I’ll be the first to admit that I’m a shy guy. Gay bars are great for looking, but it’s not easy for me to make that move – to go up and talk to someone I find ridiculously attractive. I’ve been on the market long enough to know I’m a good-looking dude, but something still stops me from confidently walking up to someone I’m interested in.

So one option here would be to suck it up manontheside-style and go after what I want no matter what. Another option: log on to one of many social networking sites (MySpace, Connexion, Match, Manhunt, Gay.com, Facebook [yep], GLEE, and even the fellas on Craigslist) and hide behind the emotionally protective barrier that is my computer screen. Let’s guess for a second which option I more frequently select.

If we were to look past the standard depressing moments that the e-hunt can bring, i.e. that moment when you realize you’ve been perusing picture after picture for an hour; or when someone e-flirts with you for the second time…despite the fact that they already e-flirted (and failed) over a month ago and forgot; or when you e-flirt with someone and then realize that you already e-flirted (and failed) over a month ago and forgot. We can and should acknowledge that many people can and do really find what they’re looking for online. And, well…sometimes it’s a nice feeling to log on and find a number of anonymous compliments.

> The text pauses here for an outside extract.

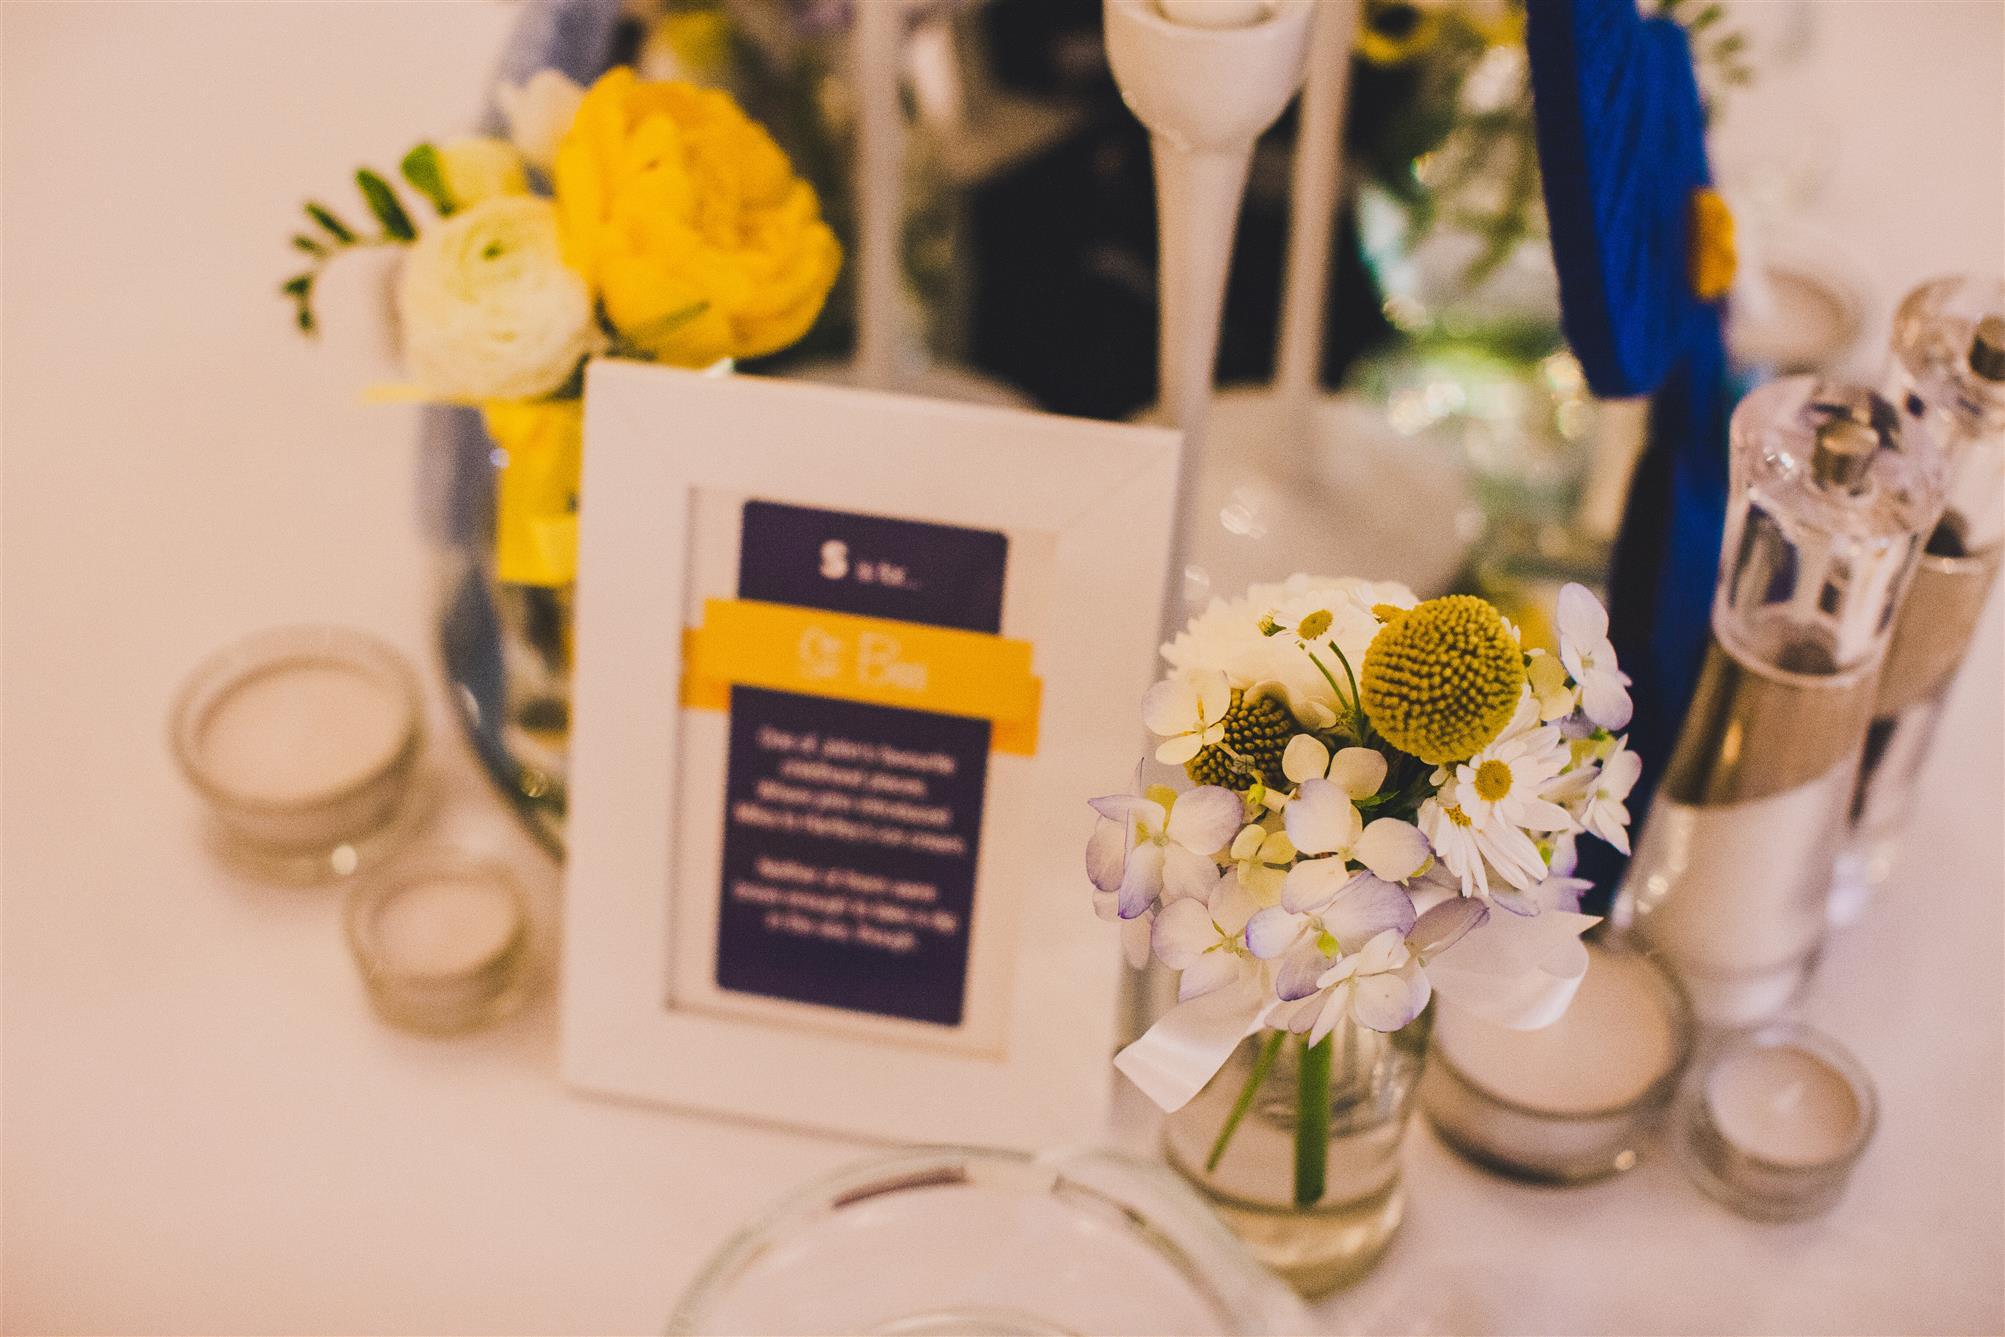 Reception Decor - A Spring 1960s Inspired Wedding

Last time I logged onto Manhunt (what I seriously believe to be one of the most honest e-portrayals of “What I’m looking for” – nowhere else do people feel compelled to say in the most blunt fashion what they find attractive [and unattractive]), I counted: 250 out of 340 profiles online in the western area of Manhattan listed “masculine” or “str8 acting” as a requirement for potential hookups. A requirement! Some even dared to publicly interweave race with gender: “sorry, no asns…not looking for girls..haha.”

I find it very difficult to believe gay guys who claim they don’t think gender prejudice exists within the gay community. It’s one thing to acknowledge that it’s there and they don’t care, but it’s another to say that it just doesn’t exist. Shouldn’t we be responsible for what qualities we’re attracted to? Flamers should be valued just as highly as butch guys. Something has to be done.

So my brain was swirling with all these frustrated thoughts the other night, as I was wasting time skimming countless profiles and deciding which ones I wanted to click for more pictures. One caught my eye: muscular shot of a headless torso with a bulging bicep in clear view; his personal ad finished, “Femme need not apply.” Before I had enough time to blink, the mouse had clicked.